**TASK GOAL:**
A verbatim copy of the listing is what is needed, minus any pictures.

---------- PROVIDED MATERIAL

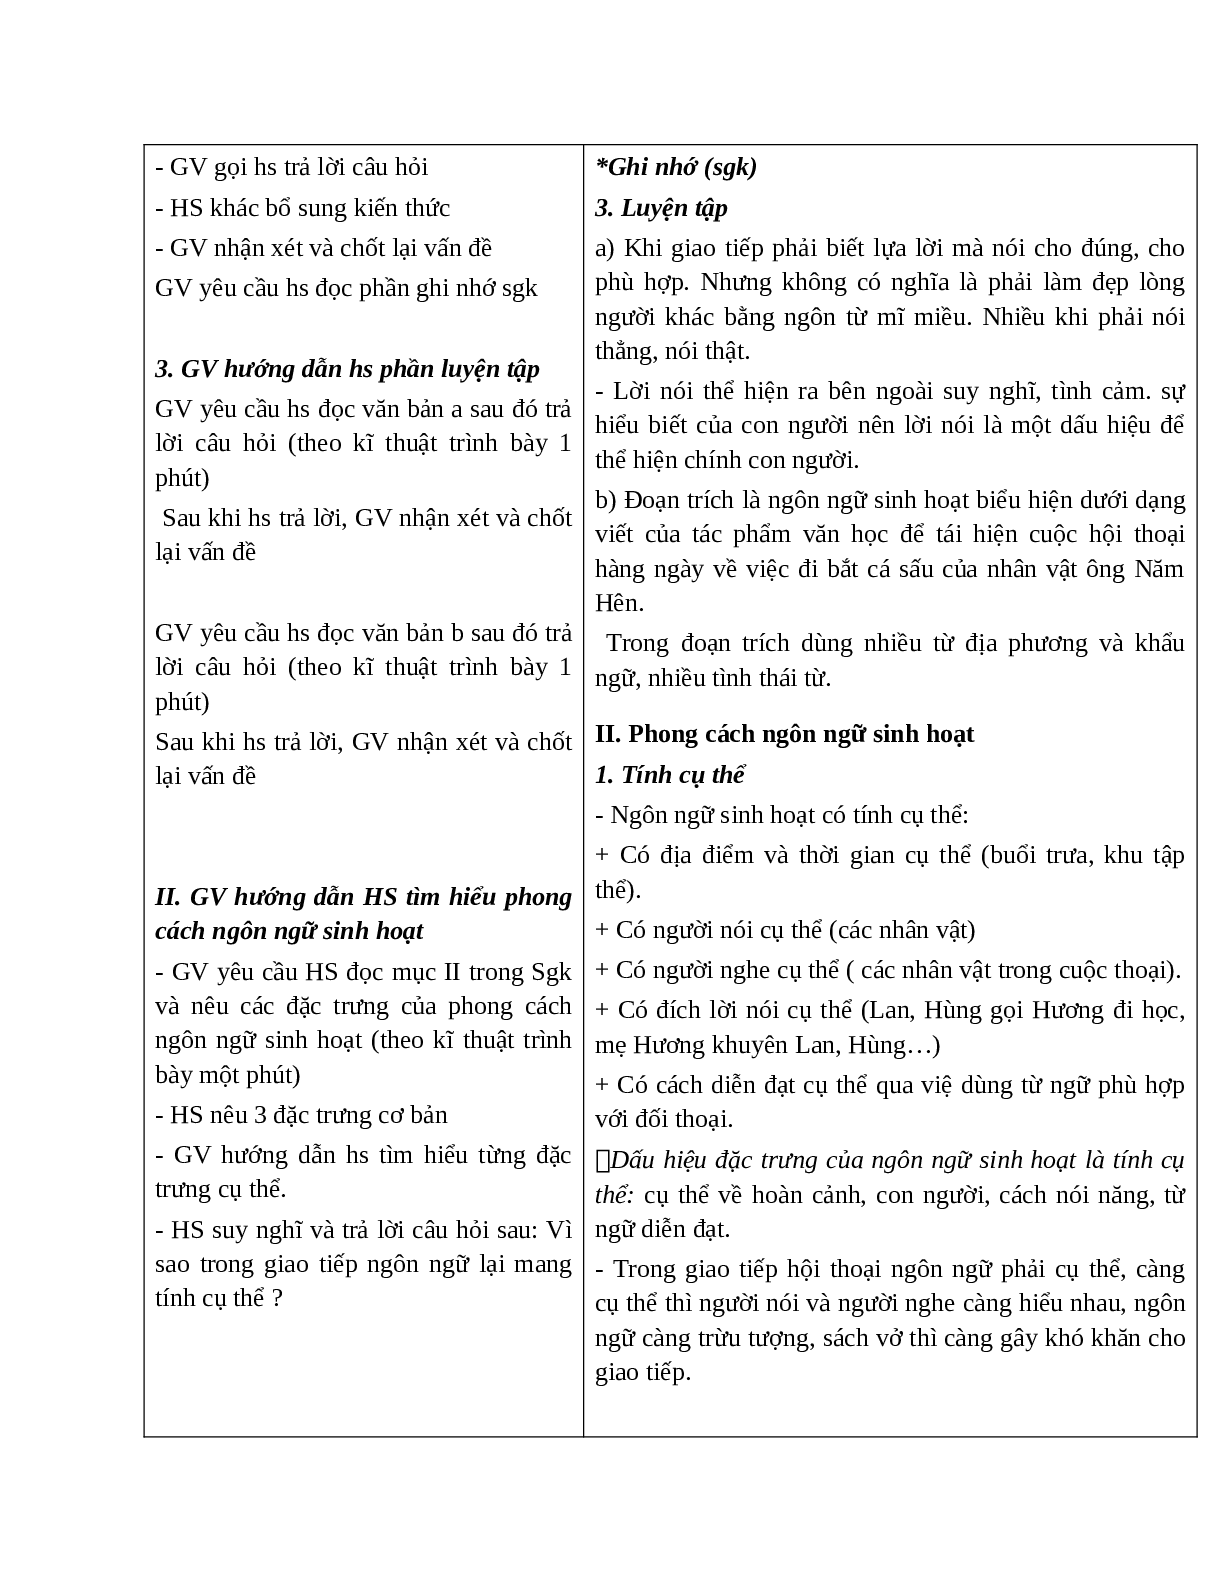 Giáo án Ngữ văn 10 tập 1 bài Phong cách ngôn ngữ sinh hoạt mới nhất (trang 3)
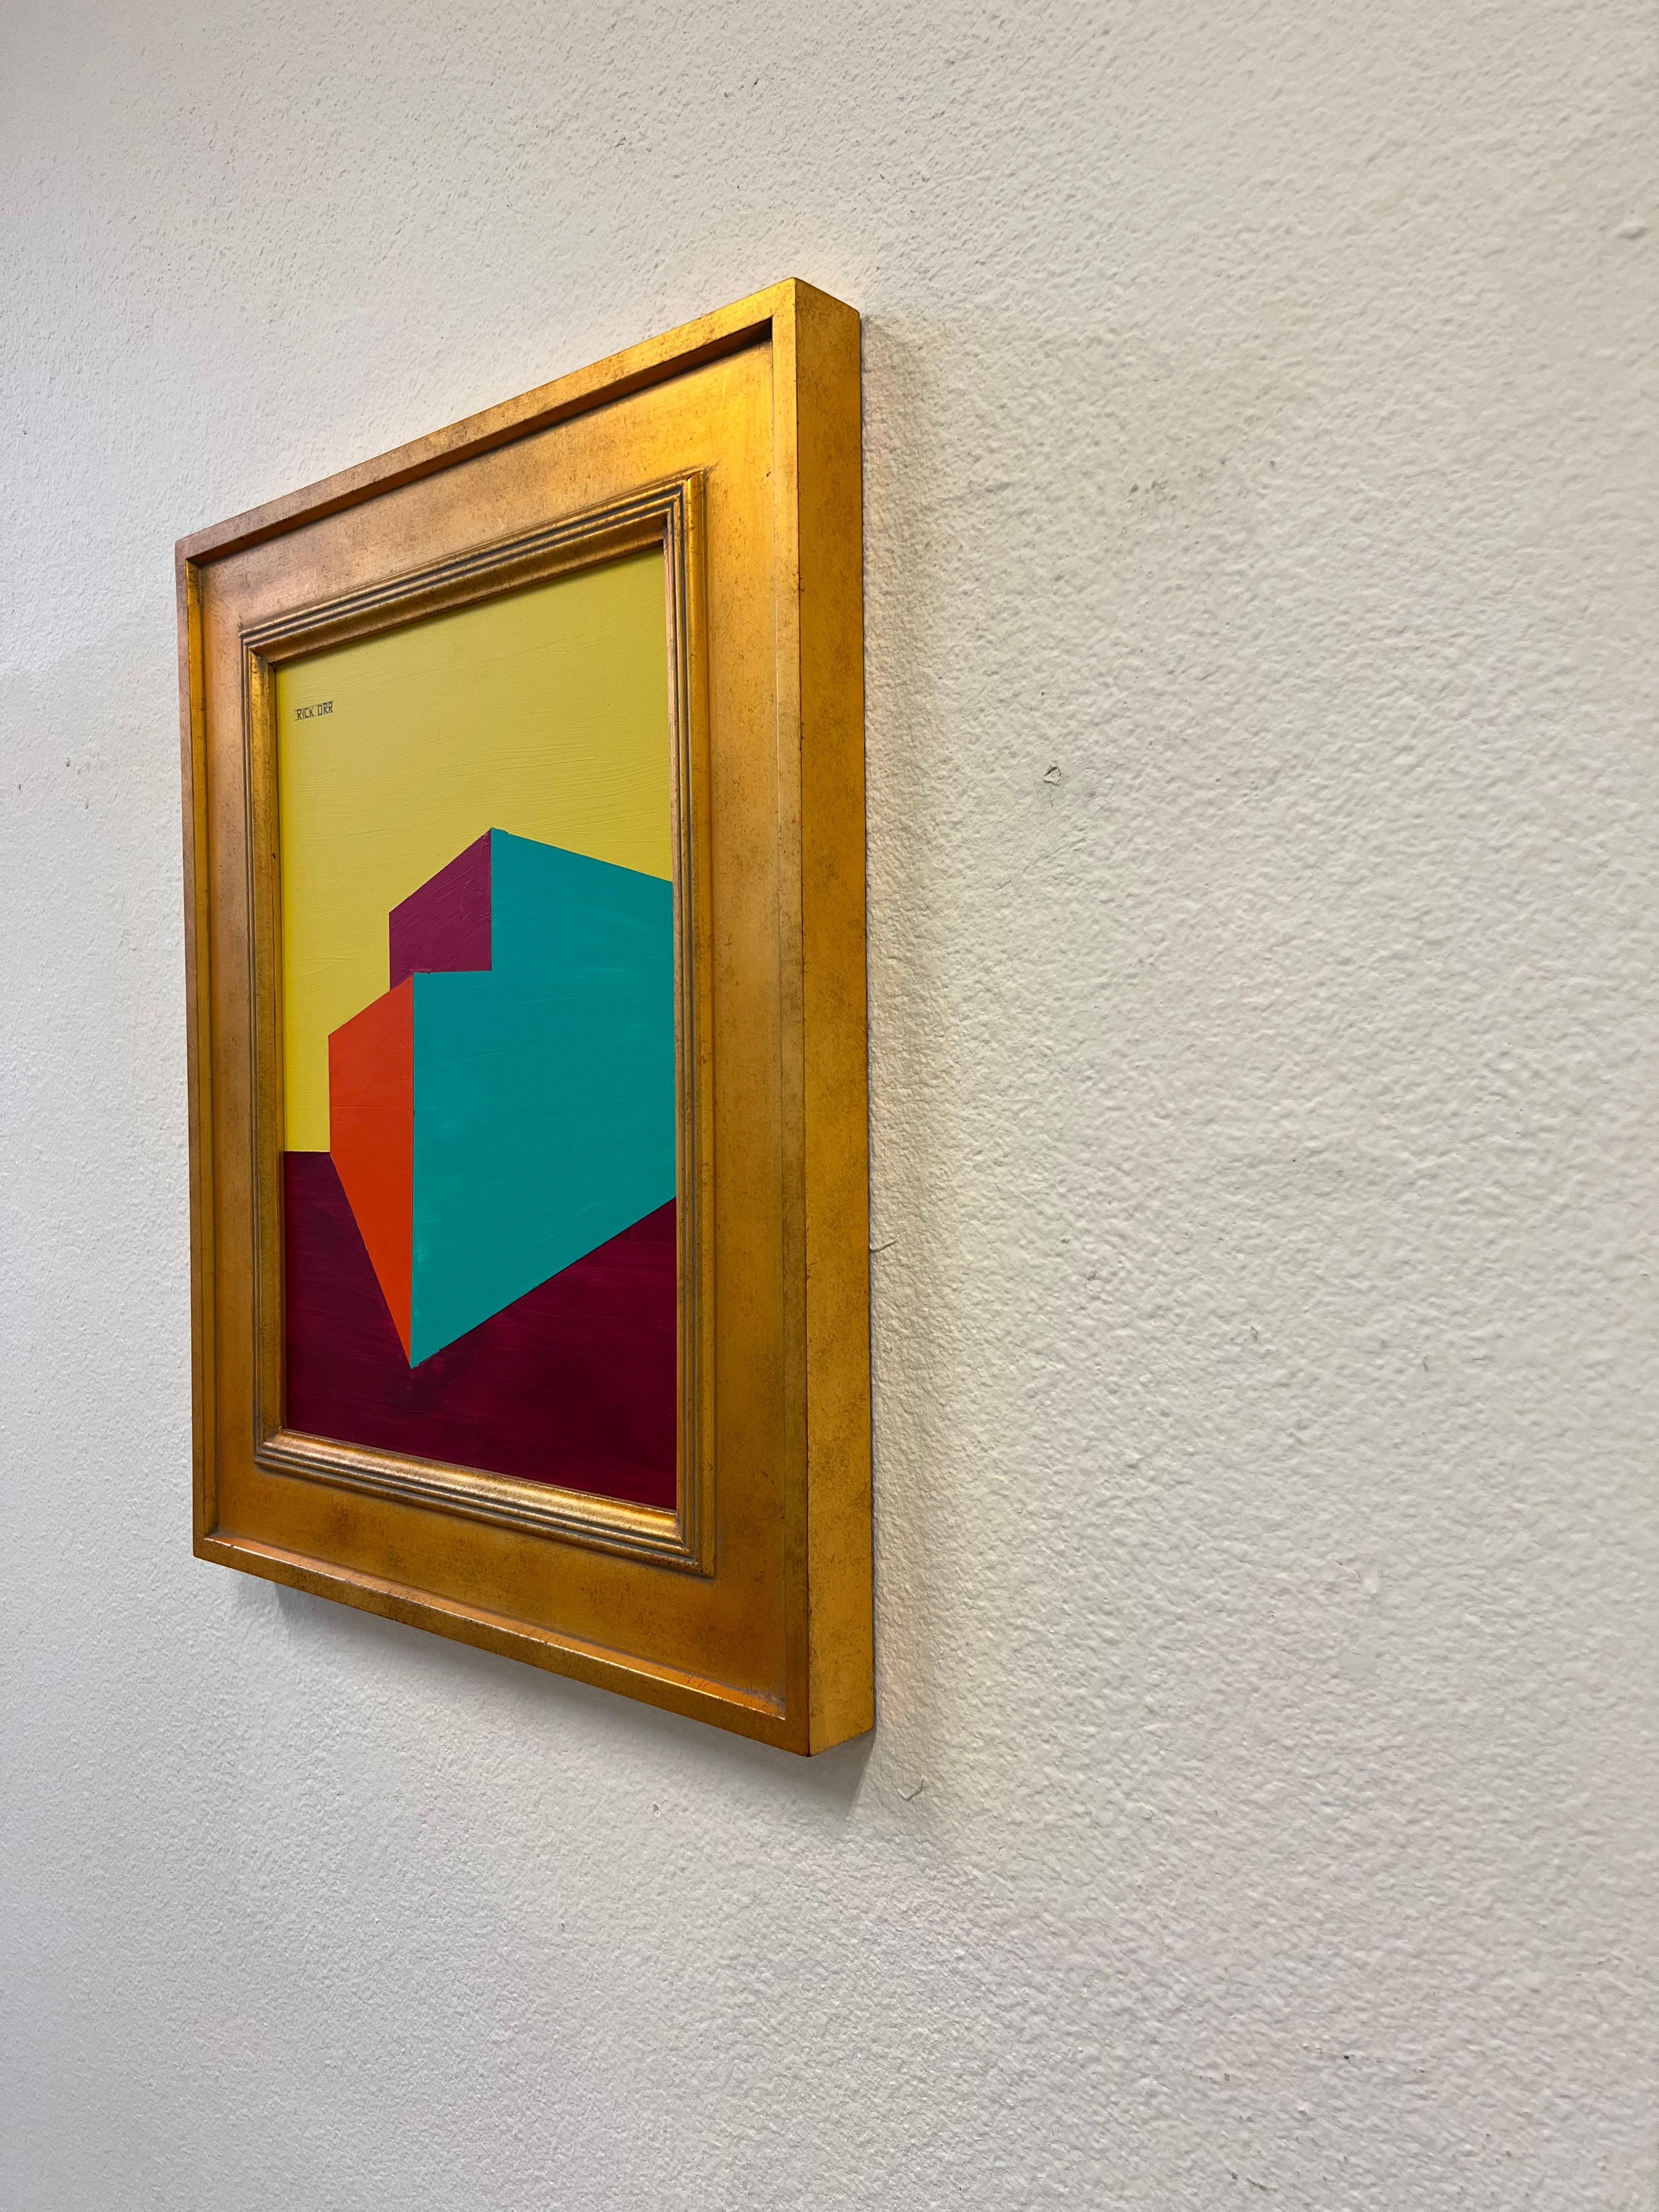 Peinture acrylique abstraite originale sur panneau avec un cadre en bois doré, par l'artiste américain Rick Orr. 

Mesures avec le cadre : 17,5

--------------------

**ANSWER TO THE PROBLEM:**
 Giáo án Ngữ văn 10 tập 1 bài Phong cách ngôn ngữ sinh hoạt mới nhất (trang 3)
 Peinture acrylique abstraite originale sur panneau avec un cadre en bois doré, par l'artiste américain Rick Orr. 

Mesures avec le cadre : 17,5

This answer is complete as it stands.